Dia pun tak menyangka Risma naik pitam sampai menunjuk dan mendorong petugas koordinator yang tengah menyampaikan permasalahan yang dihadapi. Apalagi, ia menganggap petugas tersebut juga tak tahu apa-apa karena hanya berupaya memperjuangkan hak masyarakat yang membutuhkan bantuan.

"Cuma mungkin karena dia menyampaikan bahwa sudah dicoret, nah, Bu Risma naik pitam. 'Saya tidak pernah mencoret saya hanya memperluas'. Itu kemudian Ibu Risma naik pitam, naik darah, tensinya jadi tinggi," katanya.

"Beliau setelah kejadian itu, setelah menunjuk itu beliau langsung marah, kembali ke tempat duduknya, malah mengusir.

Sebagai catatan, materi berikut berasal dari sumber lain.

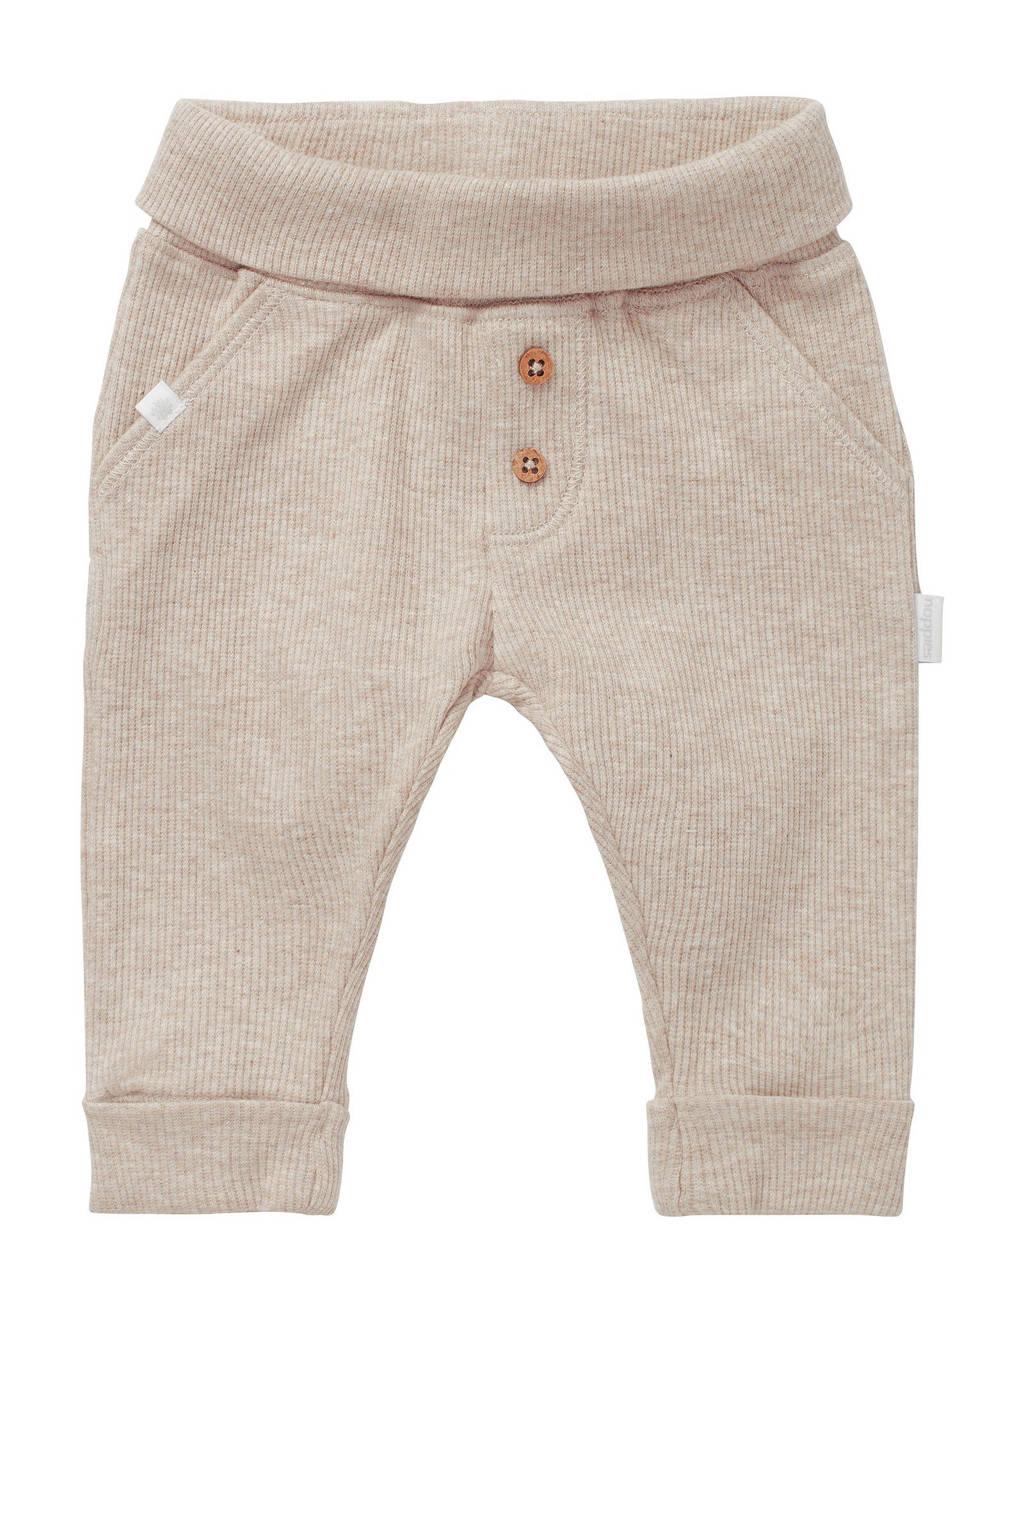 Noppies baby regular fit broek Shipley met biologisch katoen zand, Zand

Itu yang jadi kurang bagus untuk kami yang ada di daerah," tambah Nadjamuddin.

Dirinya pun tak menampik suasana rapat yang digelar pada hari itu sempat tidak enak bahkan para koordinator PKH tak mau lagi untuk menyampaikan kendala yang mereka hadapi di lapangan. Namun, suasana ini sempat cair karena para koordinator PKH ini kembali berbincang dengan Risma dan akhirnya dia mengetahui permasalahan yang tengah dihadapi.

"Teman-teman PKH masih sempat menyampaikan yang sbenernya. Tapi saya tidak ikuti lagi. Mereka menyampaikan lagi baru Bu Risma paham. Itu mereka cerita ke saya. Dari situ Bu Risma paham apa yang terjadi," tutur Nadjmuddin.